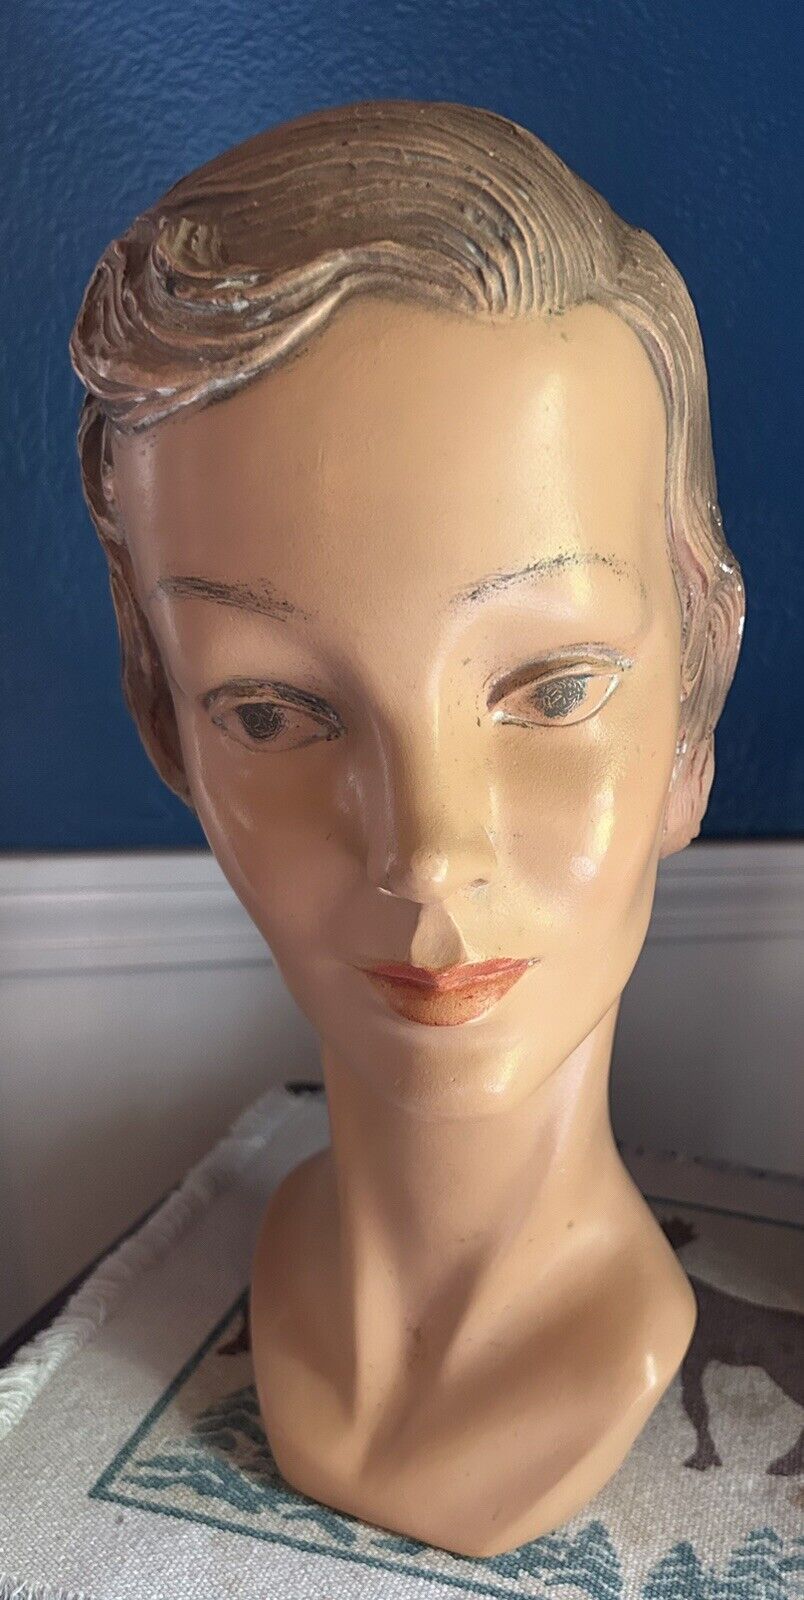 Vintage Plaster Mannequin Head
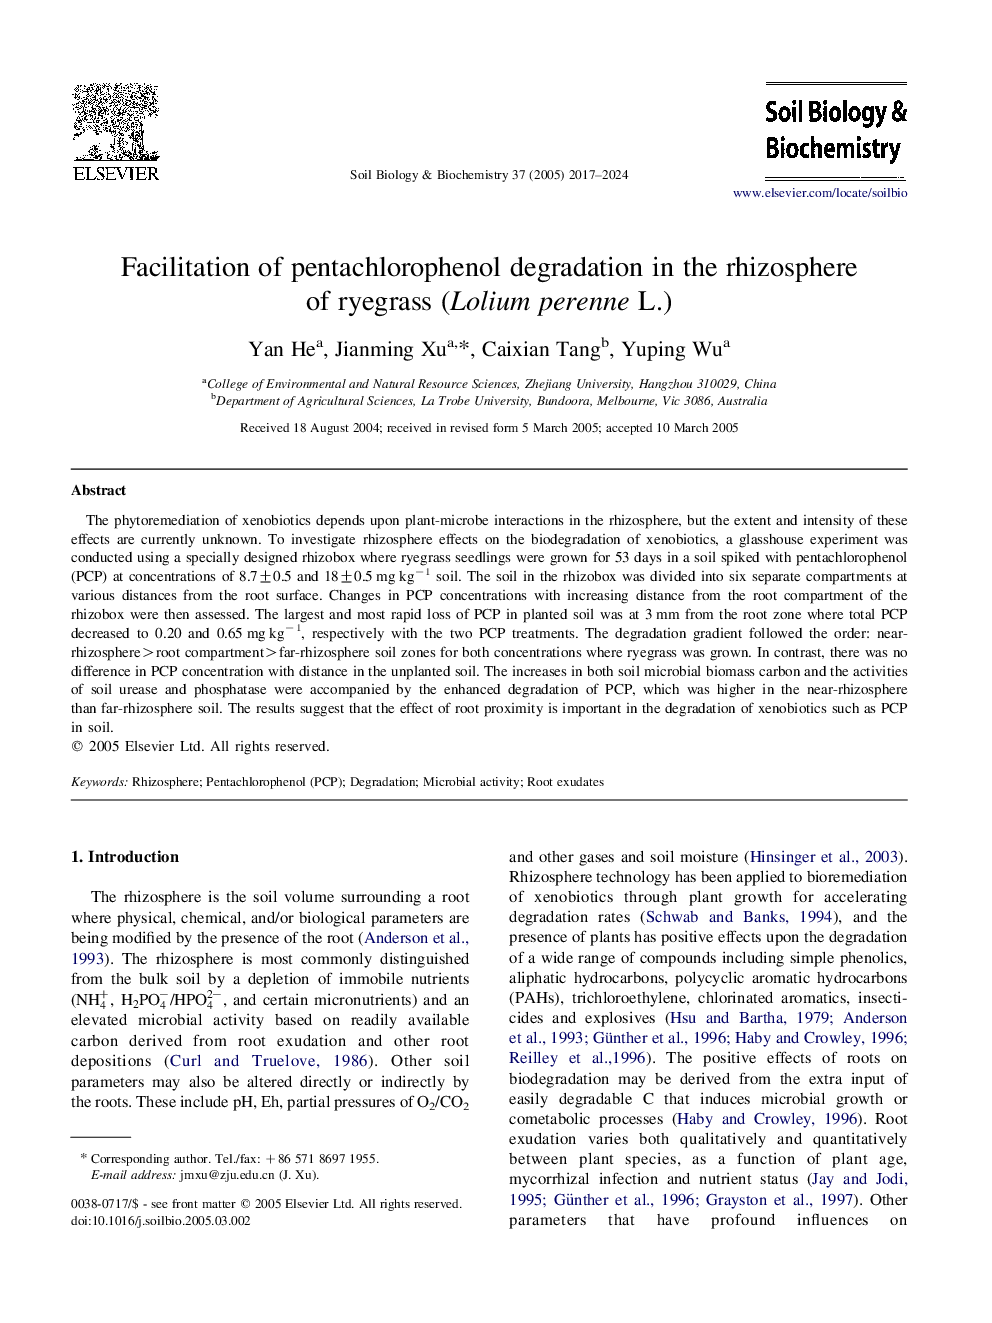 Facilitation of pentachlorophenol degradation in the rhizosphere of ryegrass (Lolium perenne L.)
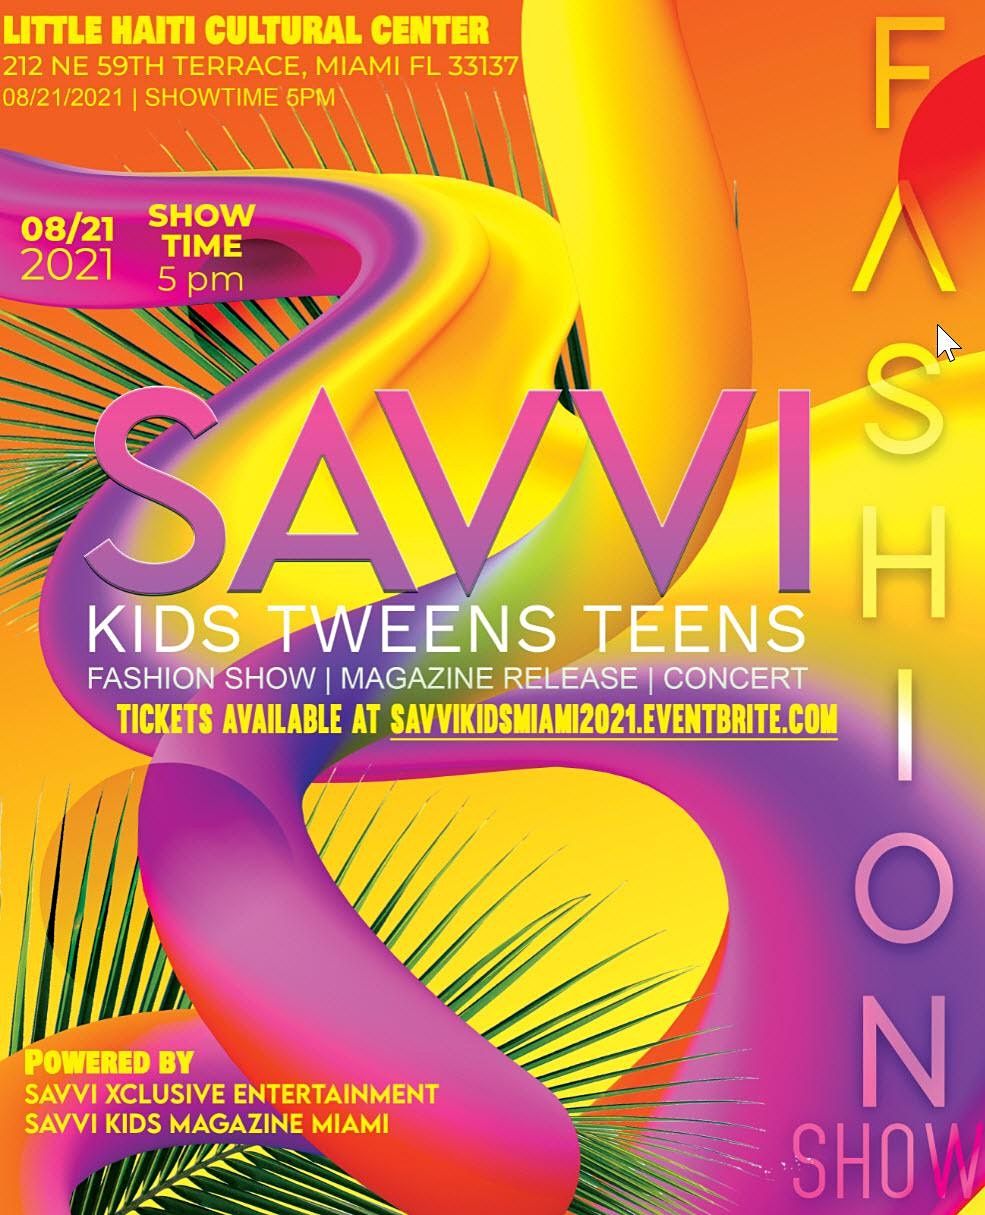 Savvi Kids of Miami Magazine Release Party and Fashion Show
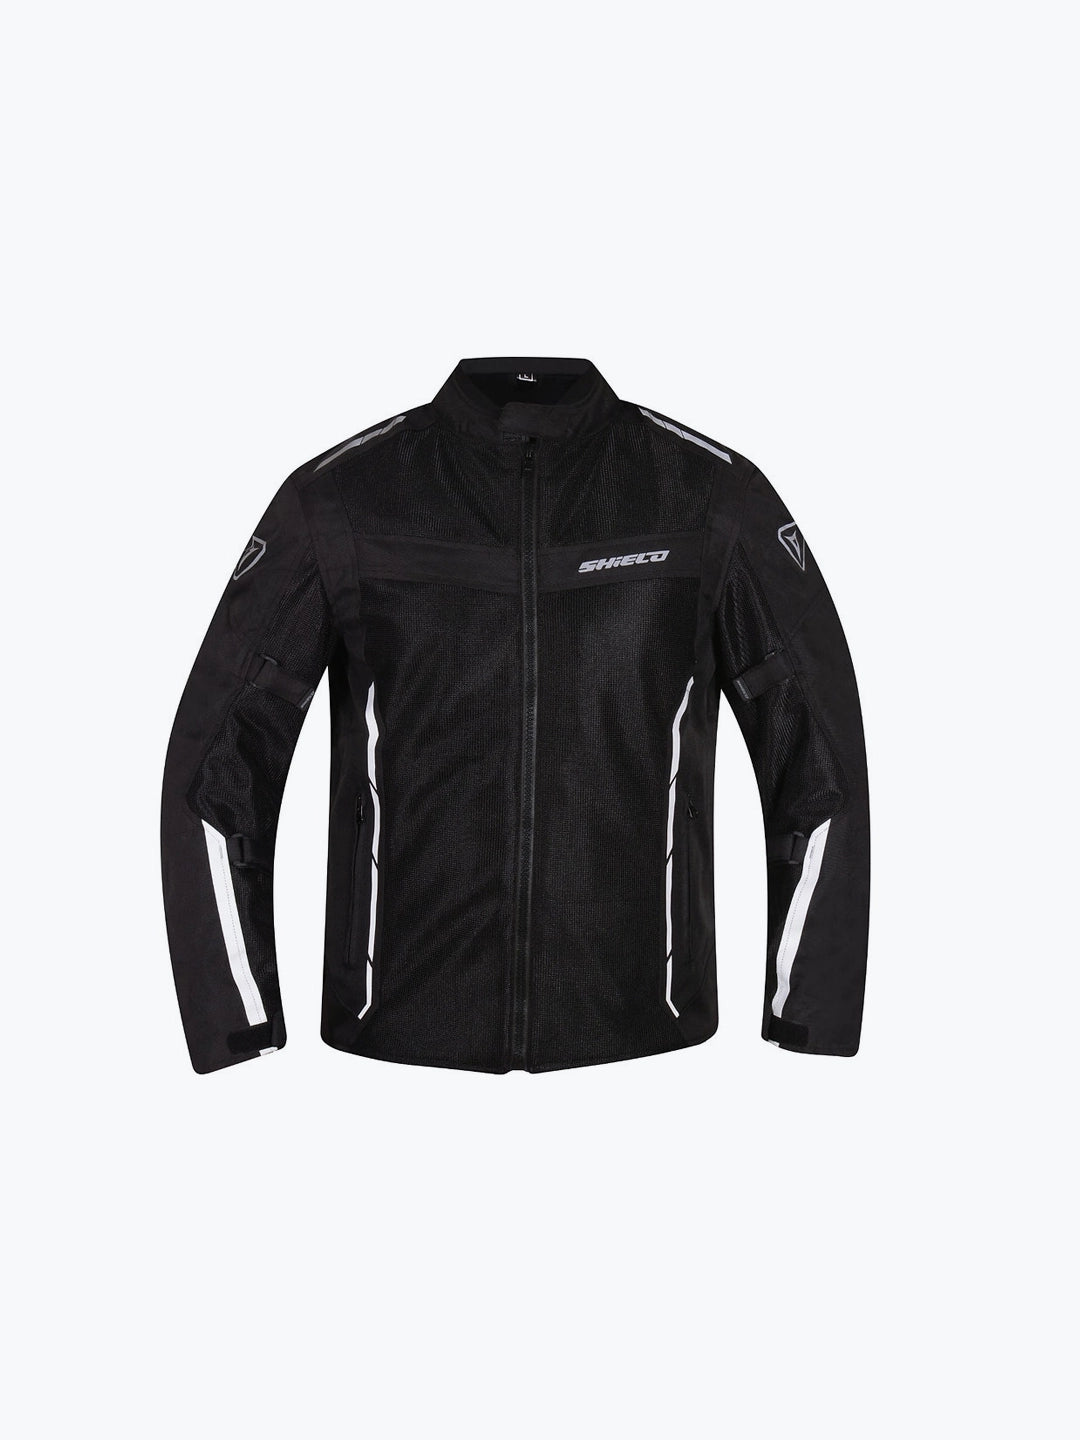 Shield Air GT Jacket Black White

INSTRUCTIONS TO FOLLOW - With the pictures excluded, restate word for word each line from the one that contains "Savvi Kids of" through the last line of the listing above.

SOLUTION TO THIS TASK -
 Savvi Kids of Miami Magazine Release Party and Fashion Show
 Shield Air GT Jacket Black White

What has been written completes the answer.